Permission granted for controversial €160m waste incinerator in Ringaskiddy

Permission granted for controversial €160m waste incinerator in Ringaskiddy
An artist's impression, supplied by Indaver, of what the company says its proposed incinerator will look like in Ringaskiddy.

PLANNING Permission has been granted for a controversial waste incinerator in Ringaskiddy.

An Bord Pleanála wrote to the applicants and opponents this morning informing them of their decision to grant permission for the development.

The decision follows years of applications and appeals as the development has faced huge opposition from residents in the local harbour.

The controversial €160m waste facility, to be built by Indaver, will process 240,000 tonnes of waste every year.

The latest planning application was lodged in January 2016 with an oral hearing taking place in April and May of that year. The ruling was initially expected in July 2016 but was delayed on numerous occasion.

It is the third time since 2001 that Indaver has applied to build an incinerator in Ringaskiddy.

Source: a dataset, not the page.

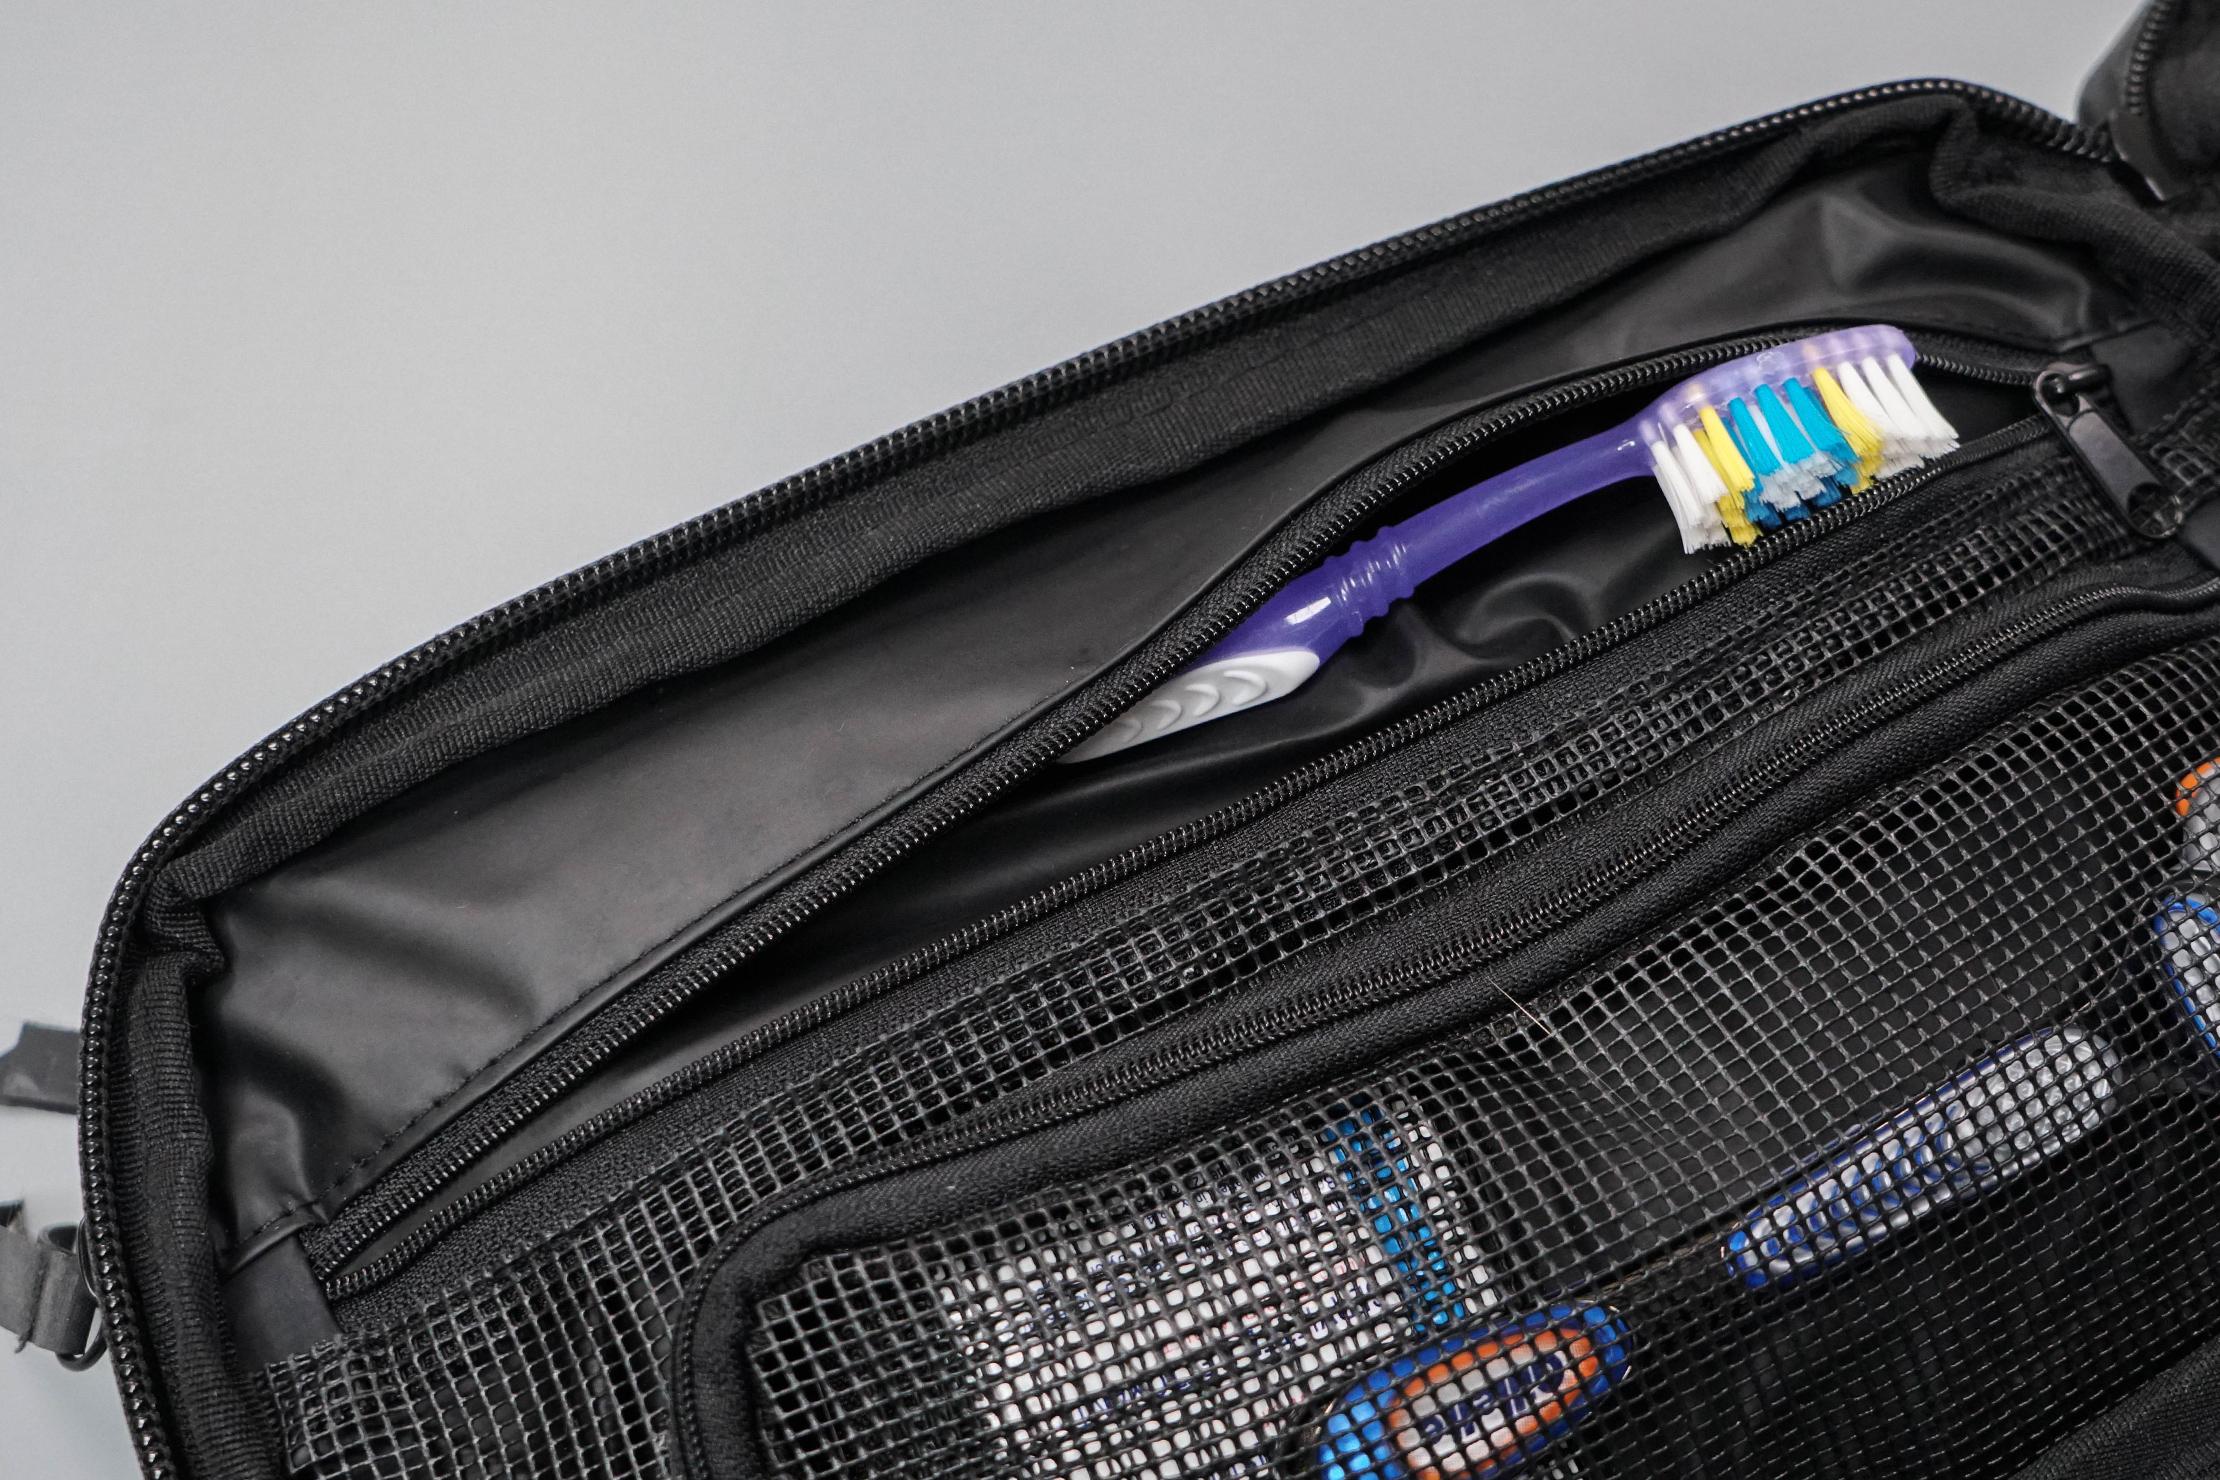 Gravel Explorer Plus Toiletry Bag Toothbrush

Mary O'Leary of the CHASE group, who had fought a long battle against the incinerator plan, said she was shocked to find out the development this morning.

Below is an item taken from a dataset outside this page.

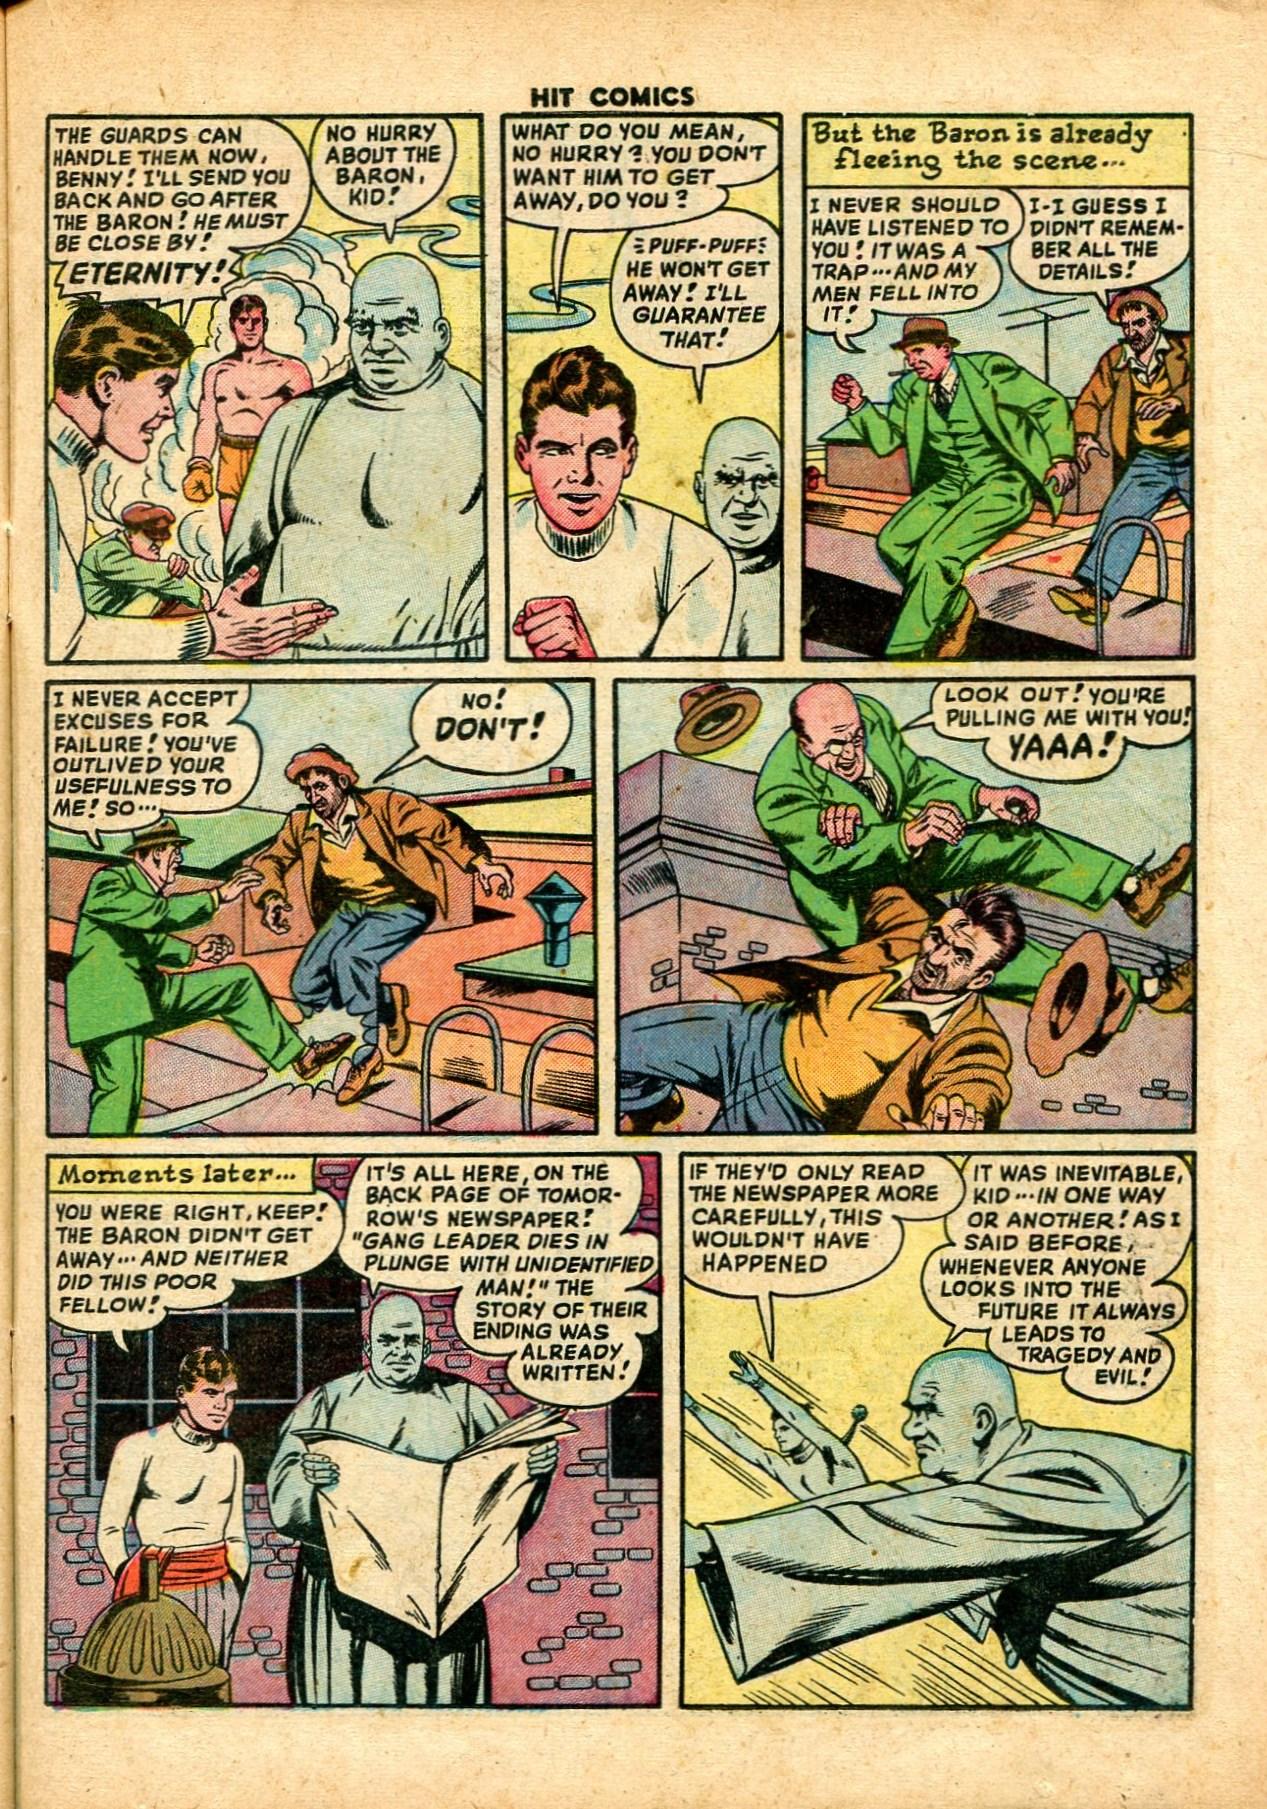 Read online Hit Comics comic -  Issue #59 - 15

She said: "This is terrible - I am shocked. We had been absolutely hoping for an outright refusal."

She said CHASE will be meeting with their legal team to discuss the possibility of seeking a judicial review of the An Bord Pleanála decision.

Cork’s Green Party also objected to the incinerator and said they are disappointed by the decision.

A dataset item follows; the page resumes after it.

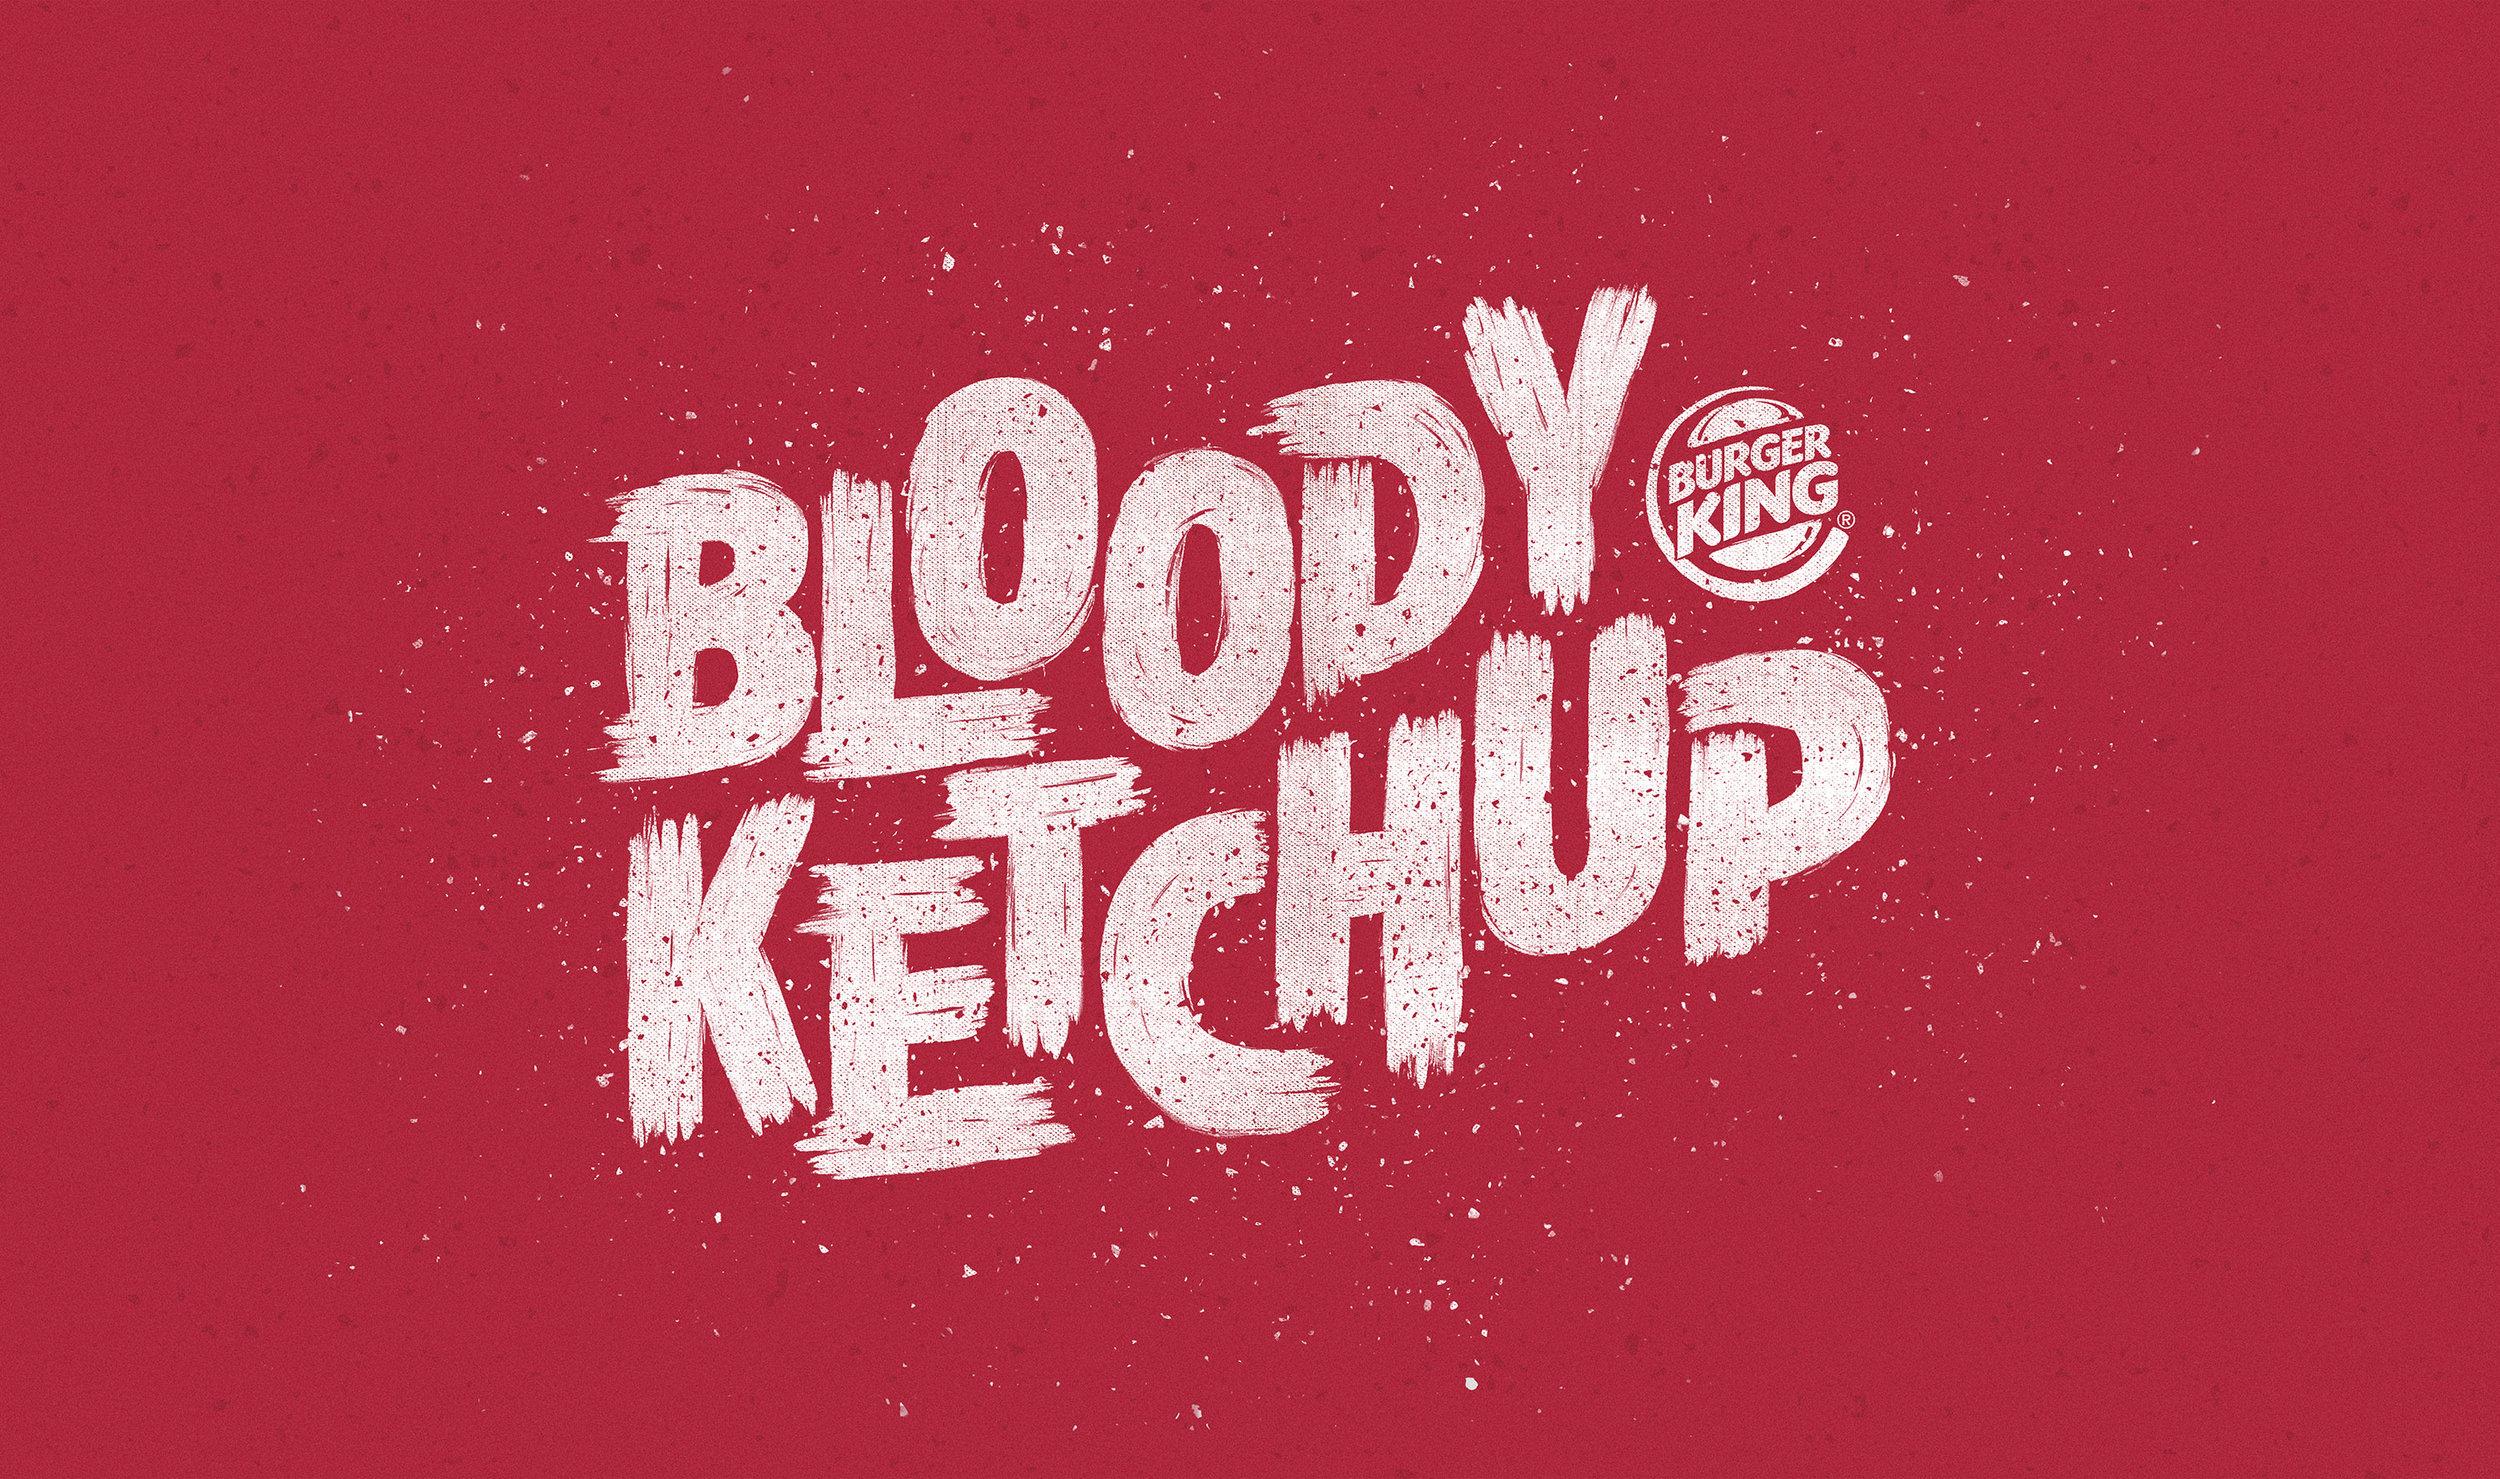 bk-bloodyketchups-7.jpg

Speaking this morning the party's representative in Cork South Central, Lorna Bogue, said:"I am extremely disappointed in this decision by An Bórd Pleanála.

“They were provided with several strong environmental reasons as to why this facility was not suited to this site.

"In my own submission, I highlighted the fact that Ireland does not, in fact, produce enough waste to keep this incinerator open.” Independent county councillor Marcia D'Alton said: "I am absolutely devastated. We have been 17 years fighting this."

"It is a very, very sad morning. Since we began fighting this 17 years ago, Spike Island has become one of the most recognised tourist attractions in the world - it is just 750 metres away from the planned incinerator. What does this mean for Spike?

"An Bord Pleanála has made a very wrong decision."